Une hiérarchie douteuse de l’information

L’examen du téléphone portable du suspect situait l’ancien policier dans la zone de la tuerie au moment des faits, le 5 septembre 2012. Ce qui pour quelqu’un dont une partie de la famille vit dans le village est fort logique. Cette information a été mise en titre par plusieurs journaux, indiquant une forme de présomption de culpabilité. « Tuerie de Chevaline : le téléphone portable du suspect le situe dans la zone du crime » titre ainsi RTL.fr, et Ouest France va dans le même sens « Tuerie de Chevaline. Le portable du suspect était dans la zone du crime ». Pourtant, RTL écrit dans le même article : « Pour autant, les gendarmes ne disposaient pas ce mardi 18 février « d’éléments déterminants » pour confondre ce suspect ». Dans la hiérarchie de l’information, qu’est-ce qui a le plus de valeur ? Un indice ou les déclarations des gendarmes ?

Quelles explications avancer pour ces dérapages ? En premier lieu, la course au clic, pour générer du trafic sur le site, qui amène à tordre les faits afin d’être un peu plus dans le sensationnalisme.
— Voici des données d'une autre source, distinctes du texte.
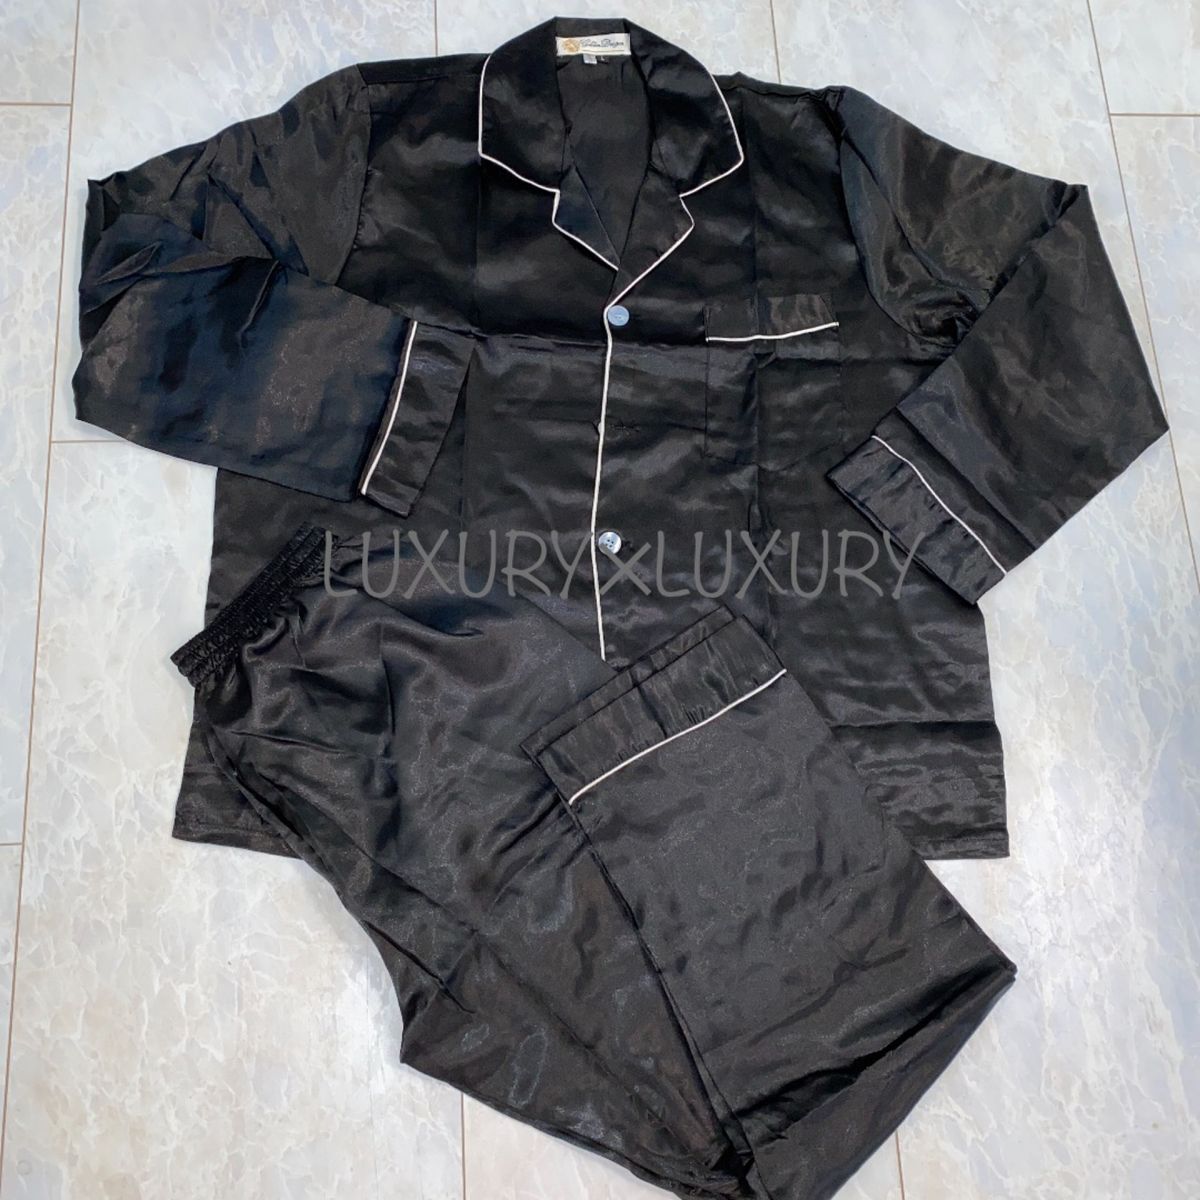 メンズXXL黒絹100%シルクパジャマ上下セットアップルームウエア長袖トップス&ボトムスズボン新品ギフトプレゼント高級部屋着

Par ailleurs, l’urgence qui fait perdre le recul nécessaire au traitement d’un dossier aussi complexe. Enfin, cette affaire mystérieuse a suscité de l’émoi et des attentes. La découverte, enfin, d’un possible coupable et qui plus est « local », hypothèse inédite, a conduit moult journalistes à tomber dans le piège de la précipitation.